Далеко не сразу доходит до меня, что Аалто обшил деревом только ту часть дома, которая важна для его идентификации с публичной ролью Гуллихсенов, с кругом их духовных запросов и ценностей. Это квадратная западная половина 14 на 14 метров. Здесь находятся студия Майре и расположенная под ней оранжерея в северо-западном углу квадрата, библиотека-кабинет Гарри в противоположном углу и простирающаяся между ними гостиная с музыкальным салоном (ее-то я и принял сначала за павильон, якобы пристроенный к белому зданию). А всё, что связано с обыденными сторонами жизни – спальни родителей и три детских спальни, комната для занятий детей, гостевые комнаты наверху, столовая, кухня и прочие хозяйственные помещения внизу, – отмечено снаружи белизной. Чем не манифест, изымающий из концептуальных оснований «современного движения» претензию на исключительную интеллектуальную и художественную значимость и оставляющий ему только сферу обыденного?

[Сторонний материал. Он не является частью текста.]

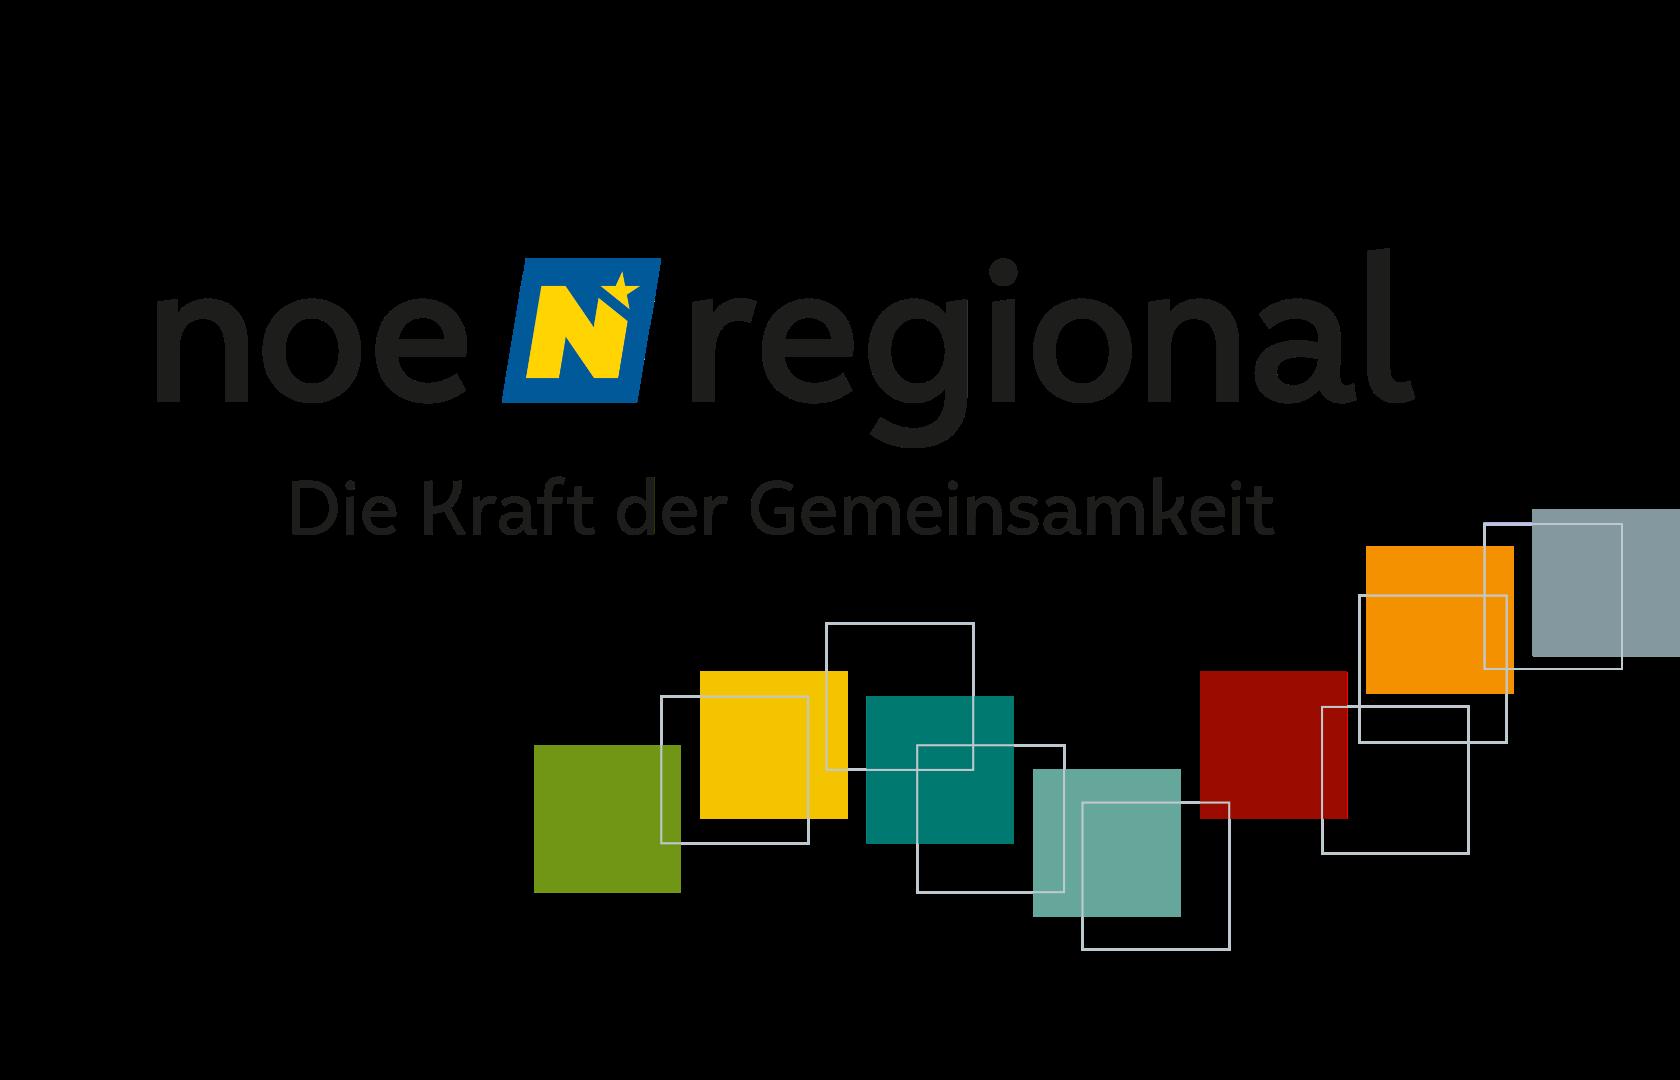 logo-noeregional.png

Чтобы хозяевам дома не было жаль самих себя, ютящихся в гостиной площадью полтораста квадратных метров, Алвару и Айно стоило бы ознакомиться с гостиной виллы Савой с единственной целью – не делать так, как сделал Ле Корбюзье. Но я не уверен, что у них было в те годы ясное представление о вилле Савой. «Ле Корбюзье я воспринимал как-то смутно, как некое общее понятие, характерное для атмосферы тех лет, – рассказывал Аалто. – Ведь он стал известен прежде всего благодаря книгам, а о своем отношении к книгам я однажды высказался в беседе с одним генералом: тот сказал, что предпочитает книгам о войне книги об искусстве и архитектуре, я же признался, что с большим интересом читаю о войне, но никогда об архитектуре»471
. Однако они с Айно и без виллы Савой ухитрились сделать уютным помещение, вдвое большее гостиной знаменитой виллы в Пуасси. Они руководствовались пятью заповедями. Во-первых, гостиная не должна быть длинной. Во-вторых, план гостиной не должен быть чистым прямоугольником, чтобы не позволить тому, кто в нее входит, сразу видеть ее целиком и чтобы предметы обстановки не выглядели сиротами, забытыми в опустевшем доме, то есть чтобы каждый из них занимал свое законное место, обусловленное конфигурацией плана. В-третьих, покрытие пола большого помещения не должно быть однородным: в зоне камина пол покрыт небольшими красноватыми керамическими плитками, а в зоне рояля пол деревянный, причем граница между этими частями гостиной идет по волнистой кривой. В-четвертых, гостиную не надо равномерно заливать светом – иначе обитатели будут лишены удовольствия созерцать неодушевленные и одушевленные тела в отчетливой светотеневой обработке. В-пятых, гостиную нельзя украшать только оконными видами, сколь бы прекрасны они ни были; в ней самой, чтобы не возбуждать у обитателей желание ради этих видов покинуть дом, должны располагаться крупные архитектурные объекты, которые интересно разглядывать. В гостиной Майре таких объектов два: большой камин с поднятым над полом гранитным выступом и белой оштукатуренной стенкой, перпендикулярной окну, которая оформлена как абстрактный рельеф, символизирующий, я думаю, поток тепла, и – напротив камина – лестница на второй этаж, в которую входишь, как в трехмерный чертеж, овеществленный в светлом дереве.Восточный и южный фасады виллы Майреа, вместе взятые, не дают представления о ней в целом. При круговом обходе она преподносит всё новые сюрпризы. Фасады принадлежат корпусам, образующим в плане L-образную конфигурацию. Благодаря этому у виллы есть важное преимущество перед домами с простой формой плана: бросив взгляд в окно, выходящее во двор, видишь другую часть дома и даже можешь общаться жестами с кем-то, находящимся на другой стороне. Поэтически настроенный обитатель уподобит такой дом живому существу, способному видеть части своего тела, – и это, как мне кажется, дает ему (обитателю) ощущение раскрепощенности.